Assigned task → Whatever the records hold, copy it exactly and completely.

Records below:

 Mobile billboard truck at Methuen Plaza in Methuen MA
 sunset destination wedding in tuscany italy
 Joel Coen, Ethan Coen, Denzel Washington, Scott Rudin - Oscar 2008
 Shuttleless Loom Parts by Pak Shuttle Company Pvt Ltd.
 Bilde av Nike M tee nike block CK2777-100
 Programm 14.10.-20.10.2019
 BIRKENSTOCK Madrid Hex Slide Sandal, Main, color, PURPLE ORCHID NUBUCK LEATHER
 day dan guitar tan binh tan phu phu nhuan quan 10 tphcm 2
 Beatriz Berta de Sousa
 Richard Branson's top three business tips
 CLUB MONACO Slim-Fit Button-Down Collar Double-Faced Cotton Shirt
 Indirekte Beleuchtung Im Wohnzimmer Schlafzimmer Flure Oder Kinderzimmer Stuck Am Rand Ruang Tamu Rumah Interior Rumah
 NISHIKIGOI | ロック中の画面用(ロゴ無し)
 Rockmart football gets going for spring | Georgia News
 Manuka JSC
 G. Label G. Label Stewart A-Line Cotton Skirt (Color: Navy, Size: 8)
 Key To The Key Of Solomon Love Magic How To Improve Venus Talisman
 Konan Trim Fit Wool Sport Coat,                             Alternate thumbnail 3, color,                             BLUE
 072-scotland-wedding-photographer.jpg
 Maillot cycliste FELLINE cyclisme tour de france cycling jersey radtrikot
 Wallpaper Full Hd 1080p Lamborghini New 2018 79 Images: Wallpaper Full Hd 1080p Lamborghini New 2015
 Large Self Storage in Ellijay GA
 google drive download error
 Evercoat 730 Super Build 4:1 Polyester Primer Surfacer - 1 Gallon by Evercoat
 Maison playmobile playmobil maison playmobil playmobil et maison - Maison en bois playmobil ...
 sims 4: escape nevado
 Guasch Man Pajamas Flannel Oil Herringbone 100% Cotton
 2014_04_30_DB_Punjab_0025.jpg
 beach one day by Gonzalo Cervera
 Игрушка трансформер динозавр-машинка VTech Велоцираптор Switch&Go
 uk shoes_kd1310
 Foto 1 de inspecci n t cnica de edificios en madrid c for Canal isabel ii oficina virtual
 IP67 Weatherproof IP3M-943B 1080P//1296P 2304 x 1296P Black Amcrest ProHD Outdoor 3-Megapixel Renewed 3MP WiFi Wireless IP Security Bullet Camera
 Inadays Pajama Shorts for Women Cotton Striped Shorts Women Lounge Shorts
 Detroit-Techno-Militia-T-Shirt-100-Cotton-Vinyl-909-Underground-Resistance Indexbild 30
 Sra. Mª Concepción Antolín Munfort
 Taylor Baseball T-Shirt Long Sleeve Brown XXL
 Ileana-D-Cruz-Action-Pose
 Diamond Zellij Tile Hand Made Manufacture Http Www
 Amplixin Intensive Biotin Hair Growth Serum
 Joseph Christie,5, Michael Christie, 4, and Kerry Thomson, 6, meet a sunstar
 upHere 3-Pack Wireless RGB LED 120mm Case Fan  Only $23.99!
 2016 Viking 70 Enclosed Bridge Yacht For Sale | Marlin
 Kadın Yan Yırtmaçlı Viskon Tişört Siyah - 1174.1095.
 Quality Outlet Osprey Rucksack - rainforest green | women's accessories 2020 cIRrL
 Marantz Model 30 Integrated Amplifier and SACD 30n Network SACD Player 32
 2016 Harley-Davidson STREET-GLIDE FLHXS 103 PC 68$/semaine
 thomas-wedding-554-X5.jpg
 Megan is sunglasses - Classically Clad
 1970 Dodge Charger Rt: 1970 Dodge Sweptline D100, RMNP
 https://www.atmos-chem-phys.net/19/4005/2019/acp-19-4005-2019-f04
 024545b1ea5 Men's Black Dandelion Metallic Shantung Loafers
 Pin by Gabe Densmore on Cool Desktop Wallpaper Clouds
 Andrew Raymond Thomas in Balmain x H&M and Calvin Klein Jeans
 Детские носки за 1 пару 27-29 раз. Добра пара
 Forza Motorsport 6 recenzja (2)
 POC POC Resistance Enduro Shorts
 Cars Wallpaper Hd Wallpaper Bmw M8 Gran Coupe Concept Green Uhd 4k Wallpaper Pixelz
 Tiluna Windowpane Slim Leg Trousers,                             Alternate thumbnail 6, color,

End of Records.

Response to this exercise →
 Mobile billboard truck at Methuen Plaza in Methuen MA
 sunset destination wedding in tuscany italy
 Joel Coen, Ethan Coen, Denzel Washington, Scott Rudin - Oscar 2008
 Shuttleless Loom Parts by Pak Shuttle Company Pvt Ltd.
 Bilde av Nike M tee nike block CK2777-100
 Programm 14.10.-20.10.2019
 BIRKENSTOCK Madrid Hex Slide Sandal, Main, color, PURPLE ORCHID NUBUCK LEATHER
 day dan guitar tan binh tan phu phu nhuan quan 10 tphcm 2
 Beatriz Berta de Sousa
 Richard Branson's top three business tips
 CLUB MONACO Slim-Fit Button-Down Collar Double-Faced Cotton Shirt
 Indirekte Beleuchtung Im Wohnzimmer Schlafzimmer Flure Oder Kinderzimmer Stuck Am Rand Ruang Tamu Rumah Interior Rumah
 NISHIKIGOI | ロック中の画面用(ロゴ無し)
 Rockmart football gets going for spring | Georgia News
 Manuka JSC
 G. Label G. Label Stewart A-Line Cotton Skirt (Color: Navy, Size: 8)
 Key To The Key Of Solomon Love Magic How To Improve Venus Talisman
 Konan Trim Fit Wool Sport Coat,                             Alternate thumbnail 3, color,                             BLUE
 072-scotland-wedding-photographer.jpg
 Maillot cycliste FELLINE cyclisme tour de france cycling jersey radtrikot
 Wallpaper Full Hd 1080p Lamborghini New 2018 79 Images: Wallpaper Full Hd 1080p Lamborghini New 2015
 Large Self Storage in Ellijay GA
 google drive download error
 Evercoat 730 Super Build 4:1 Polyester Primer Surfacer - 1 Gallon by Evercoat
 Maison playmobile playmobil maison playmobil playmobil et maison - Maison en bois playmobil ...
 sims 4: escape nevado
 Guasch Man Pajamas Flannel Oil Herringbone 100% Cotton
 2014_04_30_DB_Punjab_0025.jpg
 beach one day by Gonzalo Cervera
 Игрушка трансформер динозавр-машинка VTech Велоцираптор Switch&Go
 uk shoes_kd1310
 Foto 1 de inspecci n t cnica de edificios en madrid c for Canal isabel ii oficina virtual
 IP67 Weatherproof IP3M-943B 1080P//1296P 2304 x 1296P Black Amcrest ProHD Outdoor 3-Megapixel Renewed 3MP WiFi Wireless IP Security Bullet Camera
 Inadays Pajama Shorts for Women Cotton Striped Shorts Women Lounge Shorts
 Detroit-Techno-Militia-T-Shirt-100-Cotton-Vinyl-909-Underground-Resistance Indexbild 30
 Sra. Mª Concepción Antolín Munfort
 Taylor Baseball T-Shirt Long Sleeve Brown XXL
 Ileana-D-Cruz-Action-Pose
 Diamond Zellij Tile Hand Made Manufacture Http Www
 Amplixin Intensive Biotin Hair Growth Serum
 Joseph Christie,5, Michael Christie, 4, and Kerry Thomson, 6, meet a sunstar
 upHere 3-Pack Wireless RGB LED 120mm Case Fan  Only $23.99!
 2016 Viking 70 Enclosed Bridge Yacht For Sale | Marlin
 Kadın Yan Yırtmaçlı Viskon Tişört Siyah - 1174.1095.
 Quality Outlet Osprey Rucksack - rainforest green | women's accessories 2020 cIRrL
 Marantz Model 30 Integrated Amplifier and SACD 30n Network SACD Player 32
 2016 Harley-Davidson STREET-GLIDE FLHXS 103 PC 68$/semaine
 thomas-wedding-554-X5.jpg
 Megan is sunglasses - Classically Clad
 1970 Dodge Charger Rt: 1970 Dodge Sweptline D100, RMNP
 https://www.atmos-chem-phys.net/19/4005/2019/acp-19-4005-2019-f04
 024545b1ea5 Men's Black Dandelion Metallic Shantung Loafers
 Pin by Gabe Densmore on Cool Desktop Wallpaper Clouds
 Andrew Raymond Thomas in Balmain x H&M and Calvin Klein Jeans
 Детские носки за 1 пару 27-29 раз. Добра пара
 Forza Motorsport 6 recenzja (2)
 POC POC Resistance Enduro Shorts
 Cars Wallpaper Hd Wallpaper Bmw M8 Gran Coupe Concept Green Uhd 4k Wallpaper Pixelz
 Tiluna Windowpane Slim Leg Trousers,                             Alternate thumbnail 6, color,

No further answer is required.